The Parse Tree

The Syntax Language automatically generates a representation for the parse tree based on the grammar. This representation is visible in the name tree, and therefore accesible from other languages. Since the grammar representation is implemented as subclasses to core:lang:Type, they are usable from languages who are not aware of the specific entities produced by the Syntax Language. In particular, it is possible to inspect, manipulate, and even extend the representation from Basic Storm, even if Basic Storm is not aware of the grammar representation.

This section focuses on the types generated by the Syntax Language to represent the parse tree. To illustrate the contents of the types, we will use Basic Storm.

Note: The types presented here are not entirely complete. This section focuses on the data members of the types. The types also contain a function called transform that is presented in the next section.

Types

Rules and productions are represented by entities that inherit from core:lang:Type in the name tree. As such, they appear as types for most languages in the system. As mentioned above, these types are used to represent the parse tree.

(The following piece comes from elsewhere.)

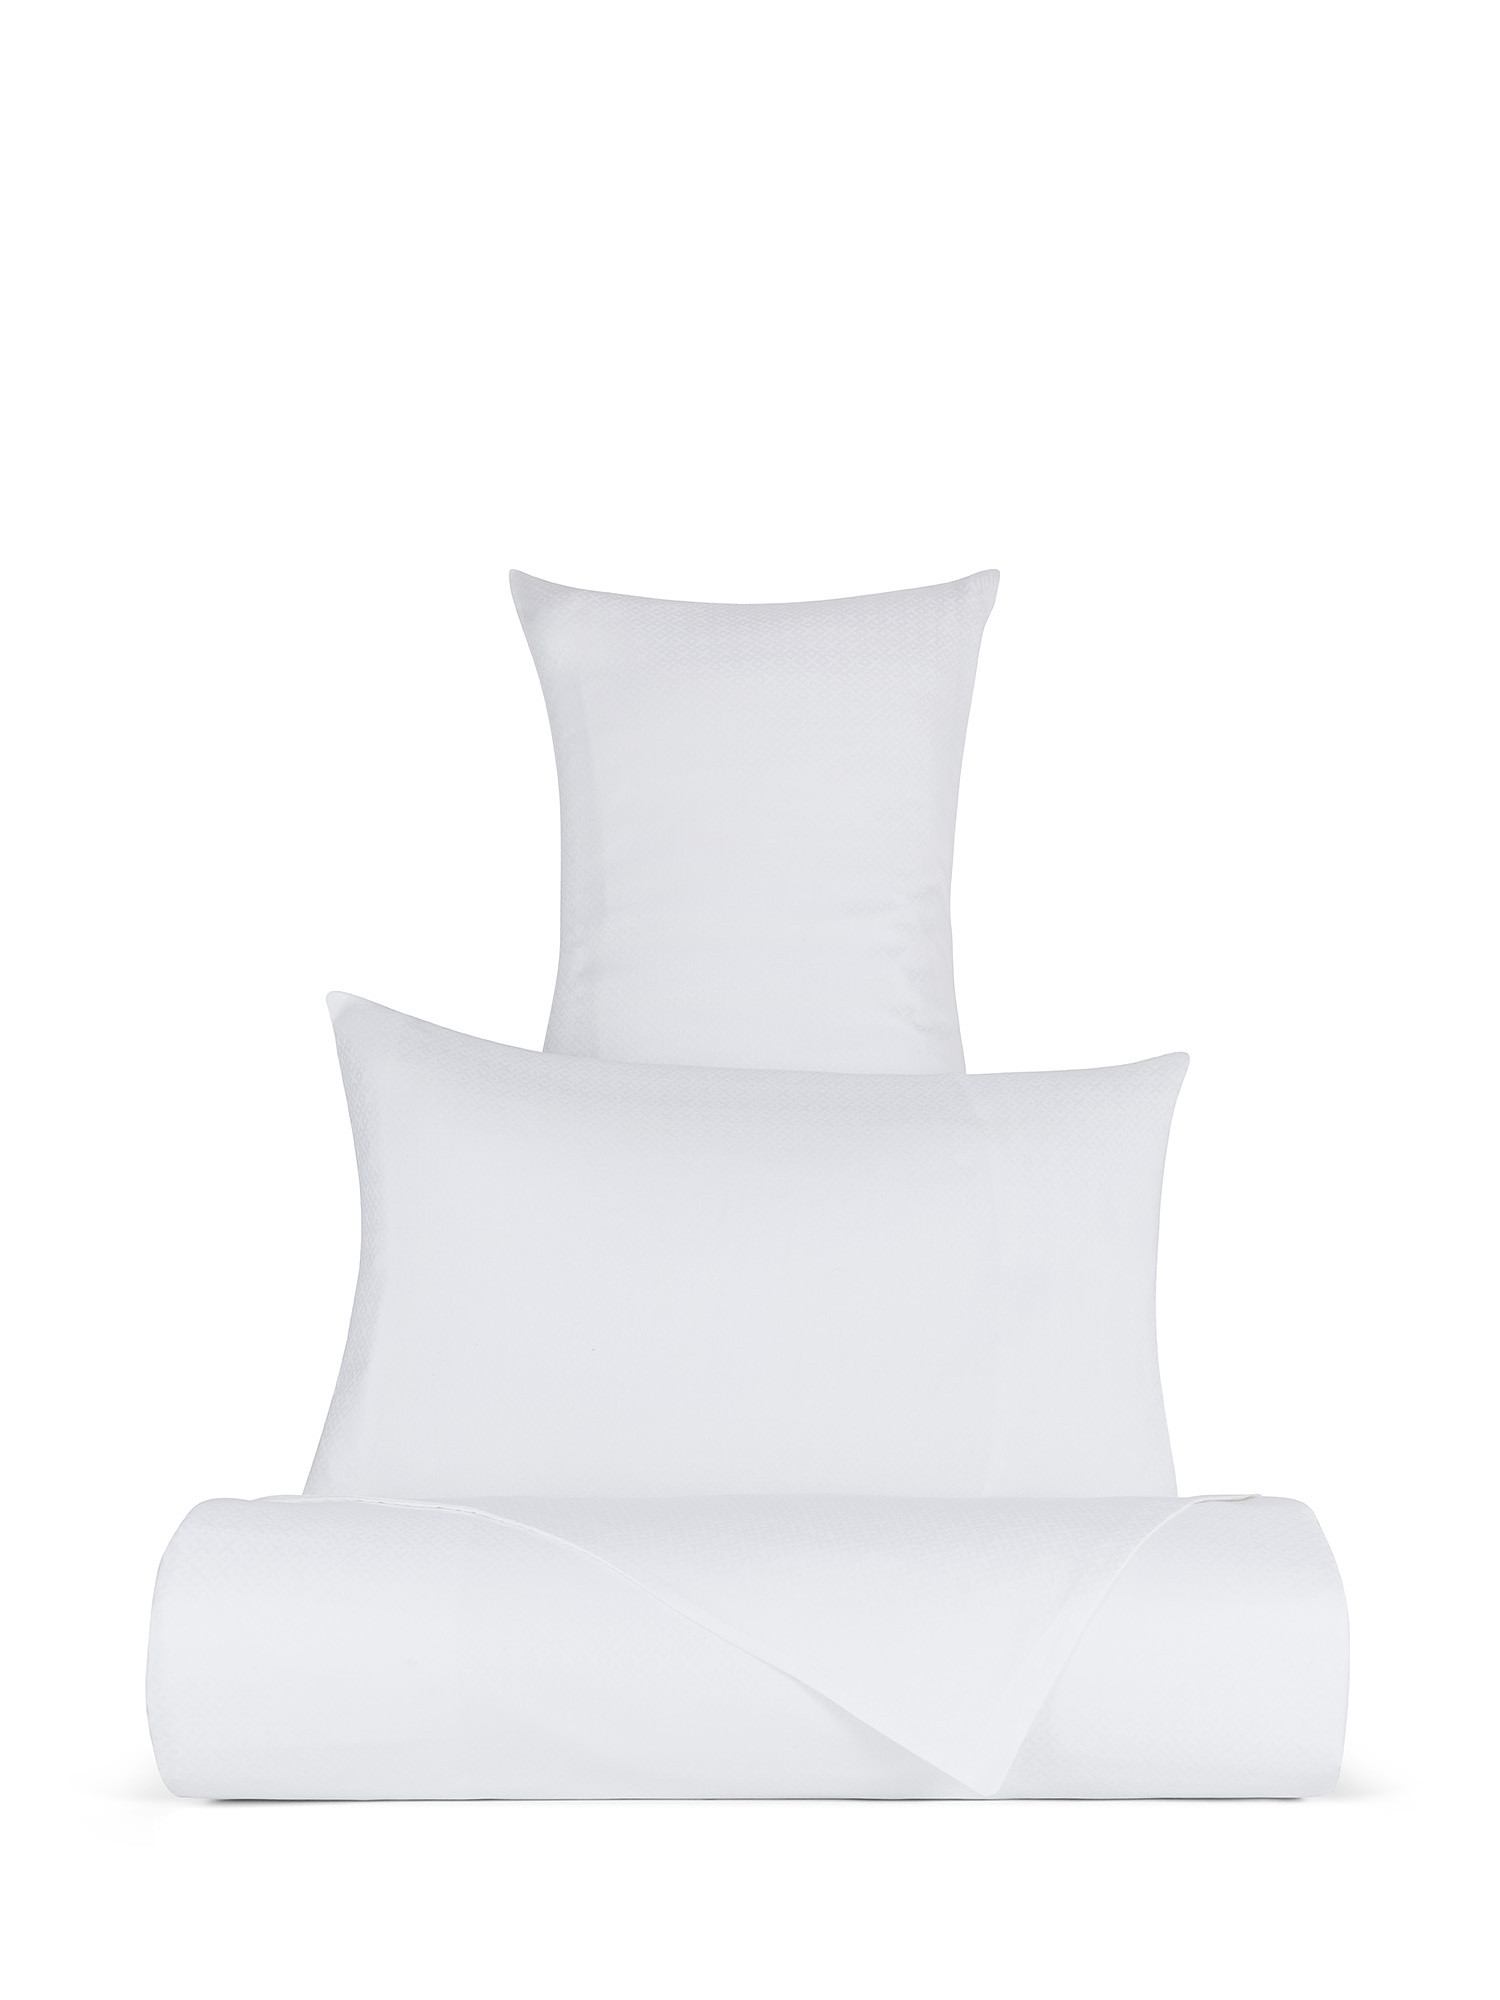 Cotton percale jacquard pillowcase Portofino, White, large image number 2

Rules are represented by an actor that inherits from the actor lang:bnf:Node (declared to run on the Compiler thread). Productions are represented by classes that inherit from the rule they extend. For example, consider the following grammar:

void A();
A : "a" = A1;
A : "b" = A2;

Since the productions are named, they will have the names A1 and A2 in the name tree. Anonymous productions are also visible in the name tree, but they will have names that are difficult to access in most languages. This grammar generates the following types:

class A extends lang:bnf:Node {}

class A1 extends A {}

class A2 extends A {}

Parsing the string a would result in a parse tree that consists of an instance of the class A1, and parsing the string b would result in a parse tree that consists of an instance of the class A2.

Captured Subtrees

So far, the parse tree is not very interesting since none of the classes contain any data. The exception is the data in lang:bnf:Node, that contains the member pos. The pos member contains the position of the match that corresponds to the node in the source code.

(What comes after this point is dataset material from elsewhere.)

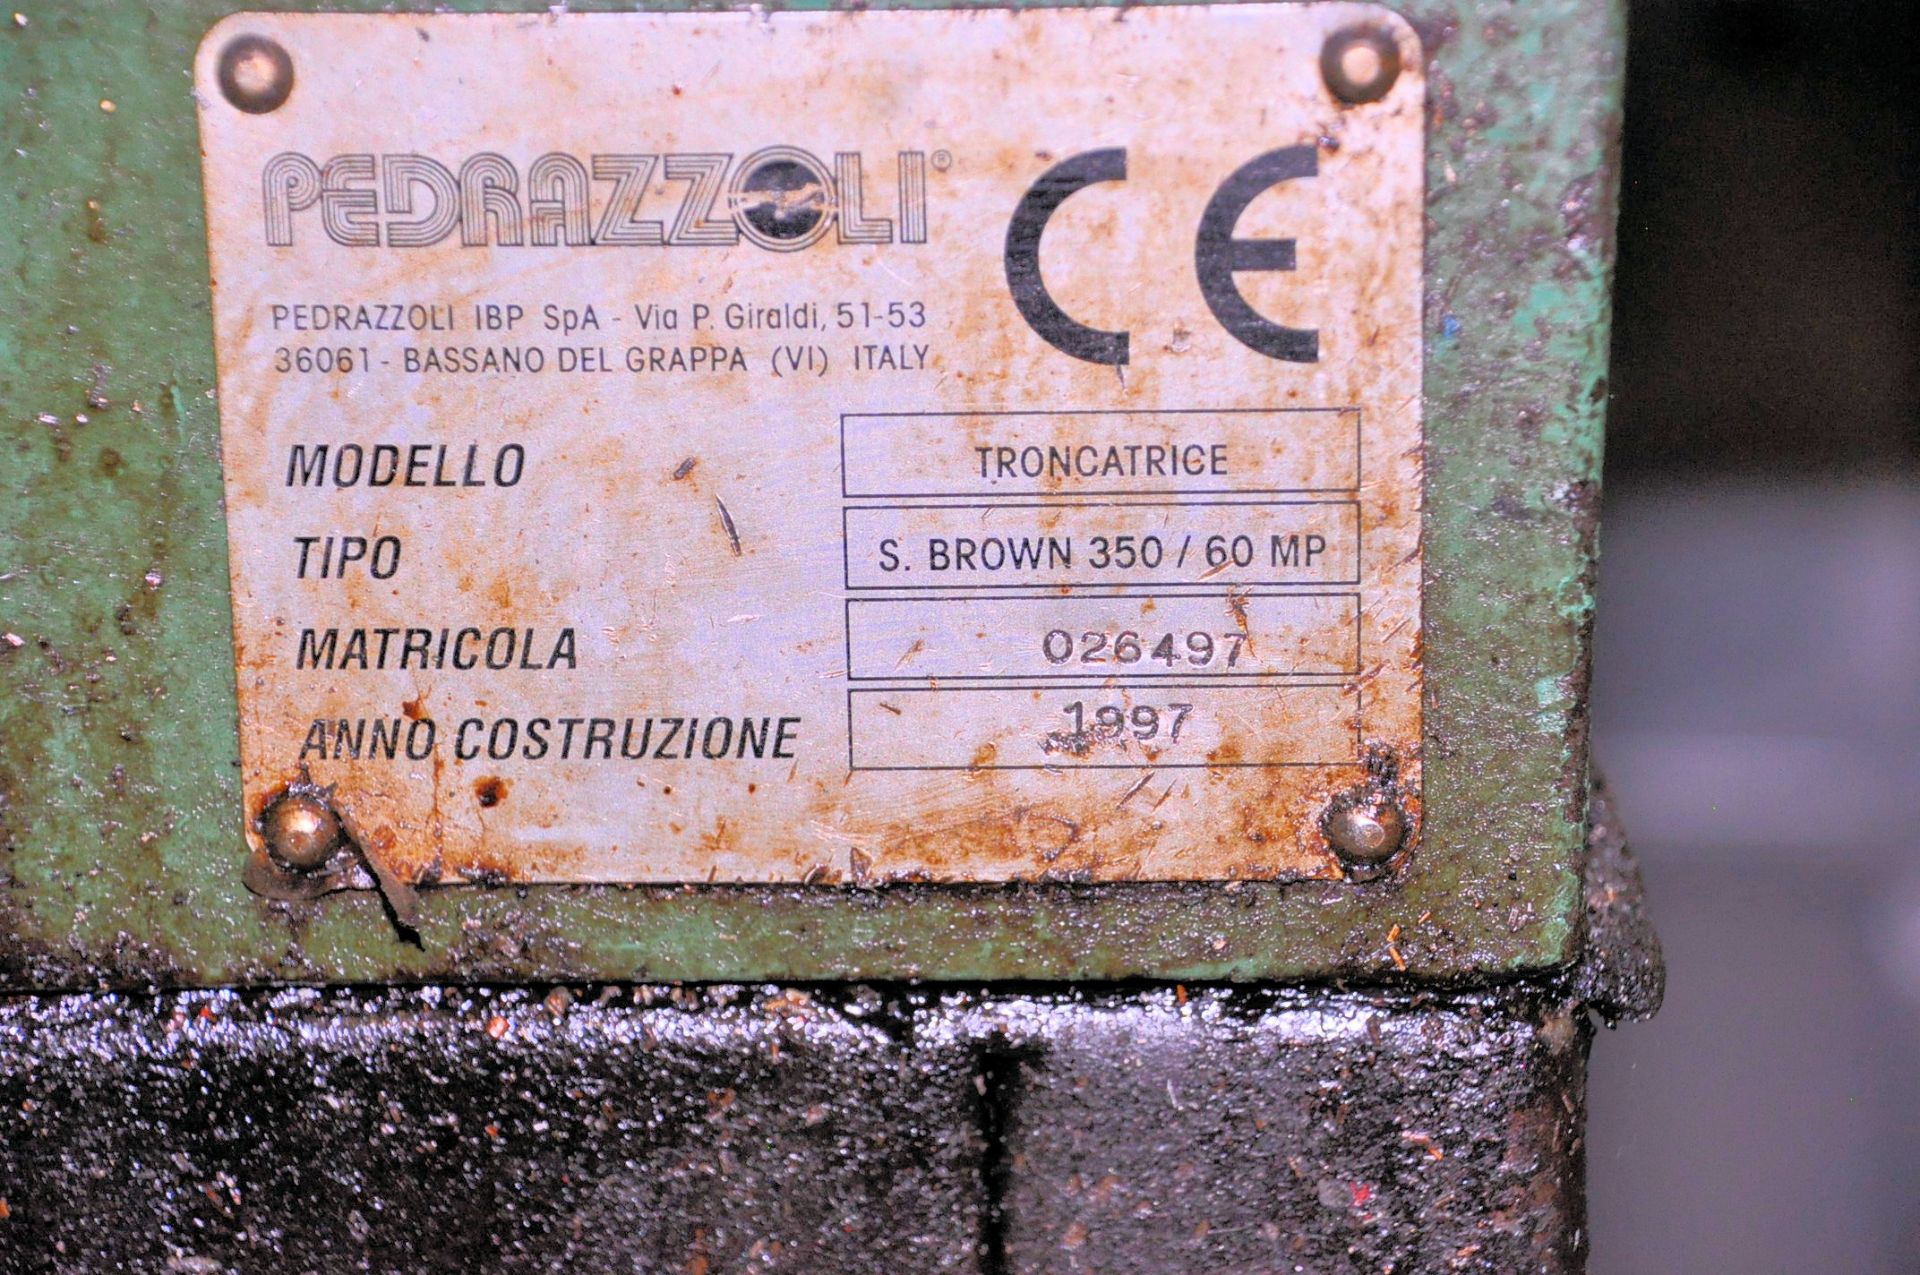 Pedrazzoli Model Troncatrice, Type 350/60MP, 14" Cold Cutoff Saw - Image 4 of 4

To include data in the parse tree, it is necessary to capture parts of the match. This is done by specifying a name (an identifier) after a token in a production. Capturing a regex token stores the string matched by the regex, and capturing a rule stores the parse tree that corresponds to the rule. There is also another way to capture tokens, which we will see in the next section.

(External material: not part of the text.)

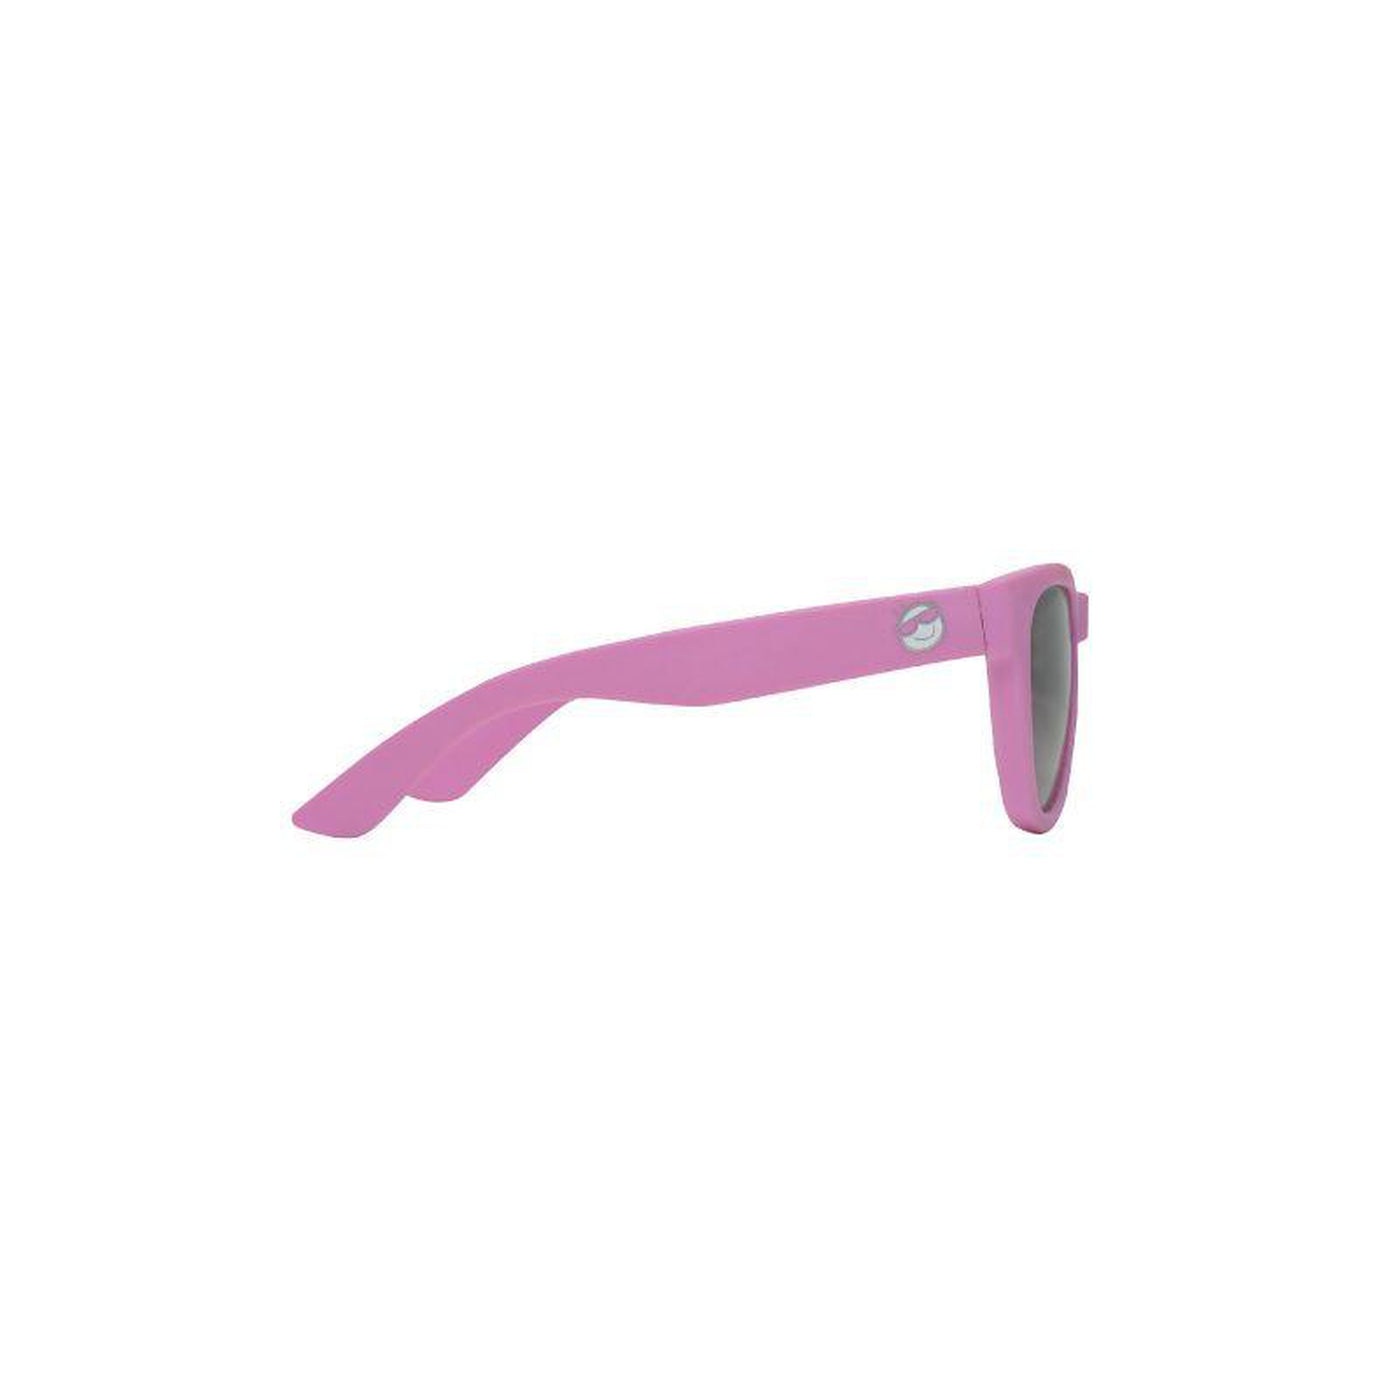 Ages 0-3-Sunglasses-Topline Eyewear

To illustrate the idea, consider the following grammar that matches numbers:

void SNumber();
SNumber : SDigits digits = SInteger;
SNumber : SDigits whole - "\." - SDigits decimal = SReal;

void SDigits();
SDigits : "[0-9]+" digits = SDigitsMatch;

It generates the following types in the name tree:

class SNumber extends lang:bnf:Node {}

class SInteger extends SNumber {
    B digits;
}

class SReal extends SNumber {
    B integer;
    B fraction;
}


class SDigits extends lang:bnf:Node {}

class SDigitsMatch extends SDigits {
    lang:bnf:SStr digits;
}

Note: The class SStr is a class that is used to store strings captured from parsing. It can be thought of as a small parse tree that stores a single string, and the position in the source code where it appeared. It has a member, transform, that can be used to extract the string. The position is available as the member pos, and the string is available as v (for value).

Repeated Tokens

If tokens inside a repetition syntax are captured, the type of the tokens will be modified according to the repetition type. This is done both to be able to store all matches, and to ensure type-safety. If the token is repeated zero or one times (i.e. if ? was used), then the type of the captured member will have the type Maybe<T>. In other cases (i.e. for * or +), then the captured member will have the type Array<T>. For example, consider the following grammar that matches a number using the repetition syntax:

void SNumber();
SNumber : SDigits whole - ("\." - SDigits decimal)? = SNumberMatch;

void SDigits();
SDigits : ("[0-9]" digit)+ = SDigitsMatch;

It will produce the following types:

class SNumber extends lang:bnf:Node {}

class SNumberMatch extends SNumber {
    SDigits whole;    // Not inside the repetition, captured as normal.
    SDigits? decimal; // Captured as a Maybe<SDigits> since it may not be present.
}


class SDigits extends lang:bnf:Node {}

class SDigitsMatch extends SDigits {
    lang:bnf:SStr[] digit; // Captured as Array<SStr> since there may be multiple matches.
}

Capturing Substrings

It is also possible to capture a substring of a part of a rule using a syntax similar to the repetition syntax. In fact, the ability to capture a substring in this manner is mutually exclusive with the repetition syntax, as they are stored similarly internally.

A substring can be captured by adding an identifier after a set of parentheses. For example, consider the grammar below that matches the content of a pair of curly braces ({}) that may contain nested braces.

void BraceLiteral();
BraceLiteral : "{" - (BraceContent) content - "}";

void BraceContent();
BraceContent : "{" - BraceContent - "}";
BraceContent : "[^{}]+" - BraceContent;
BraceContent : ;

In this case, the text matched by BraceContent in the production to BraceLiteral will be captured as a string (using the SStr class), even though the parse tree for the BraceContent is not captured.